The conformational properties of foldamers generated from αγ hybrid peptide sequences have been probed in the model sequence Boc-Aib-Gpn-Aib-Gpn-NHMe. The choice of α-aminoisobutyryl (Aib) and gabapentin (Gpn) residues greatly restricts sterically accessible conformational space. This model sequence was anticipated to be a short segment of the αγ C₁₂ helix, stabilized by three successive 4→1 hydrogen bonds, corresponding to a backbone-expanded analogue of the α polypeptide 3₁₀-helix. Unexpectedly, three distinct crystalline polymorphs were characterized in the solid state by X-ray diffraction. In one form, two successive C₁₂ hydrogen bonds were obtained at the N-terminus, while a novel C₁₇ hydrogen-bonded γαγ turn was observed at the C-terminus. In the other two polymorphs, isolated C₉ and C₇ hydrogen-bonded turns were observed at Gpn (2) and Gpn (4). Isolated C₁₂ and C₉ turns were also crystallographically established in the peptides Boc-Aib-Gpn-Aib-OMe and Boc-Gpn-Aib-NHMe, respectively. Selective line broadening of NH resonances and the observation of medium range NH(i) ↔NH(i+2) NOEs established the presence of conformational heterogeneity for the tetrapeptide in CDCl₃ solution.
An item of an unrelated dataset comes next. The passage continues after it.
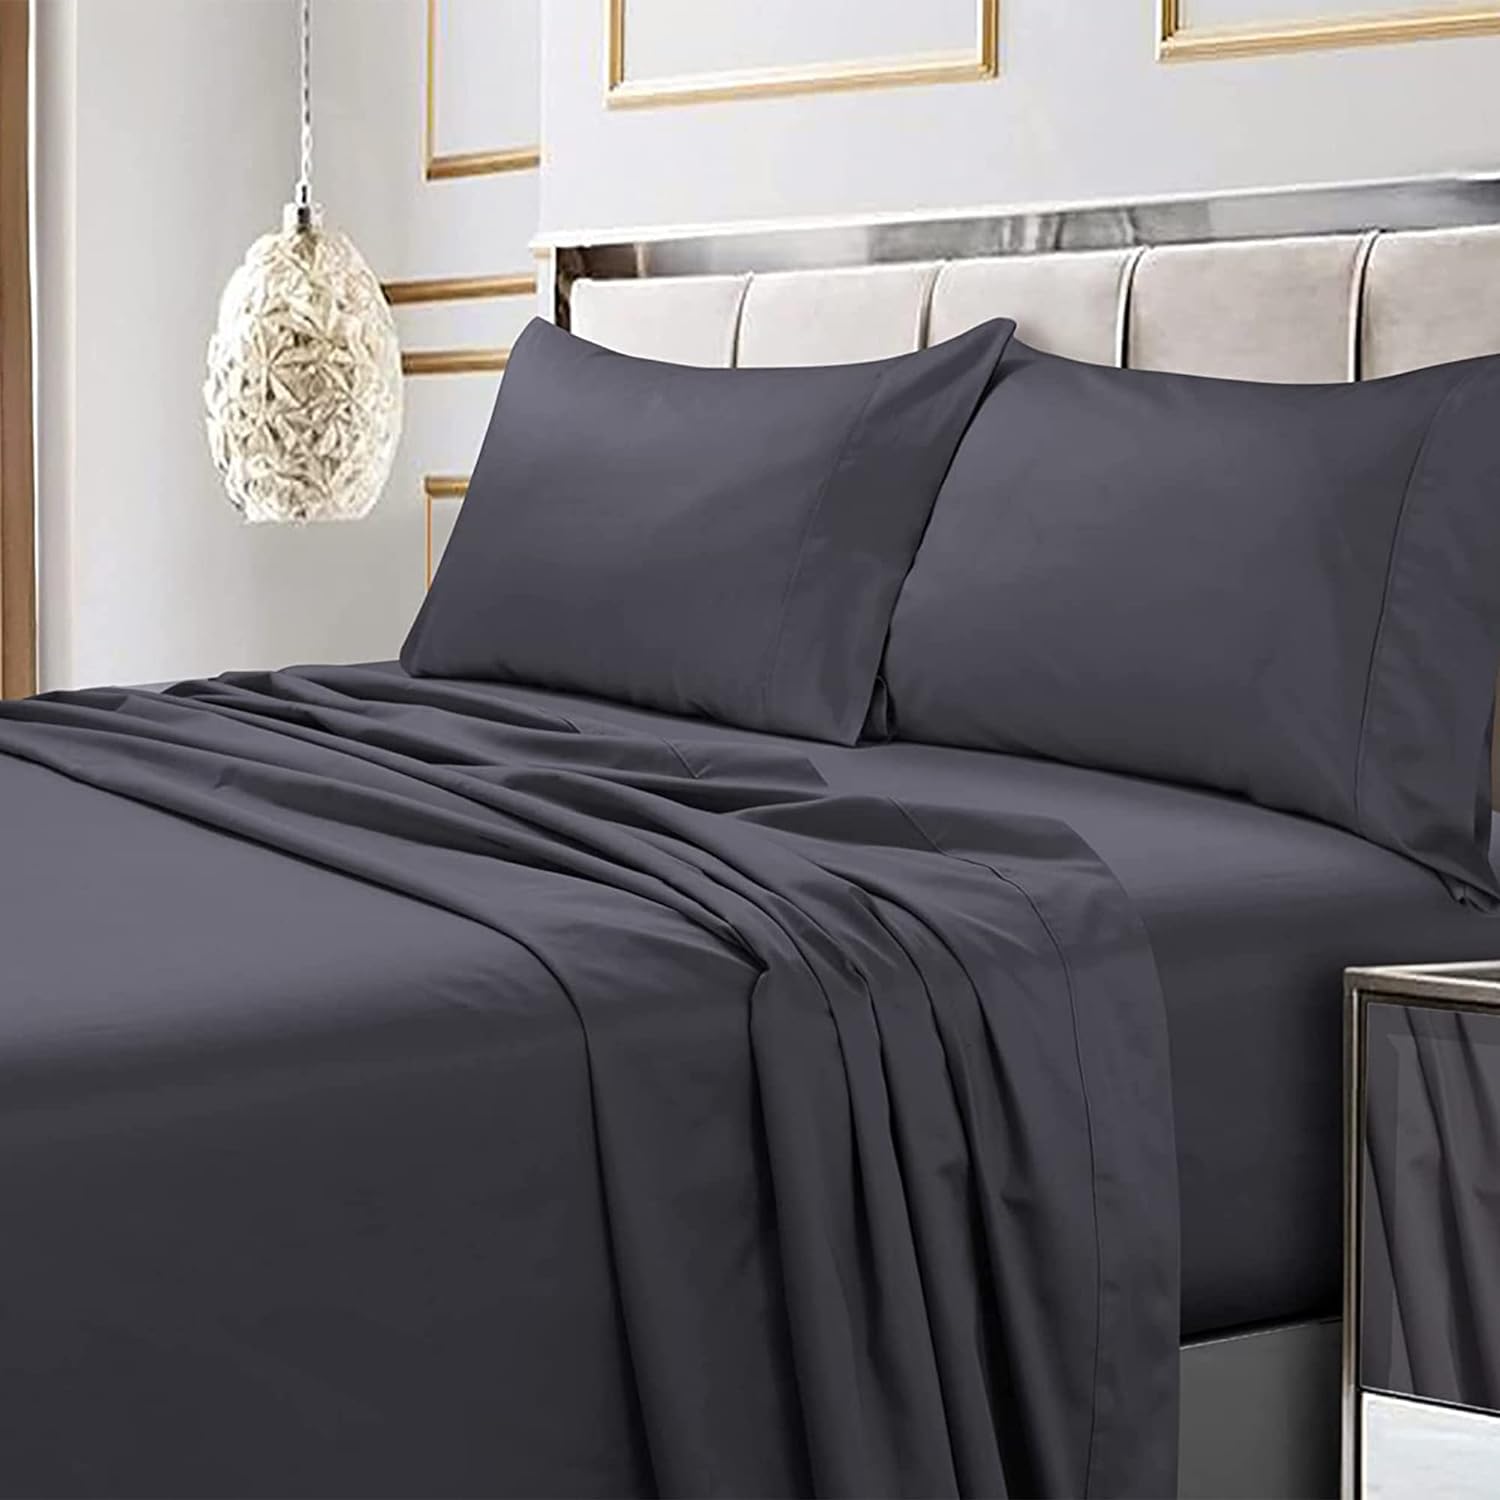 Tribeca Living Soft Egyptian Cotton Sateen Solid Pillowcase Set Extra Deep Pocket, 600 Thread Count, Bed Sheet, Queen, Steel

The NMR results are consistent with the limited population of the continuous C₁₂ helix conformation. Lengthening of the (αγ)_n sequences in the nonapeptides Boc-Aib-Gpn-Aib-Gpn-Aib-Gpn-Aib-Gpn-Xxx (Xxx = Aib, Leu) resulted in the observation of all of the sequential NOEs characteristic of an αγ C₁₂ helix. These results establish that conformational fragility is manifested in short hybrid αγ sequences despite the choice of conformationally constrained residues, while stable helices are formed on chain extension.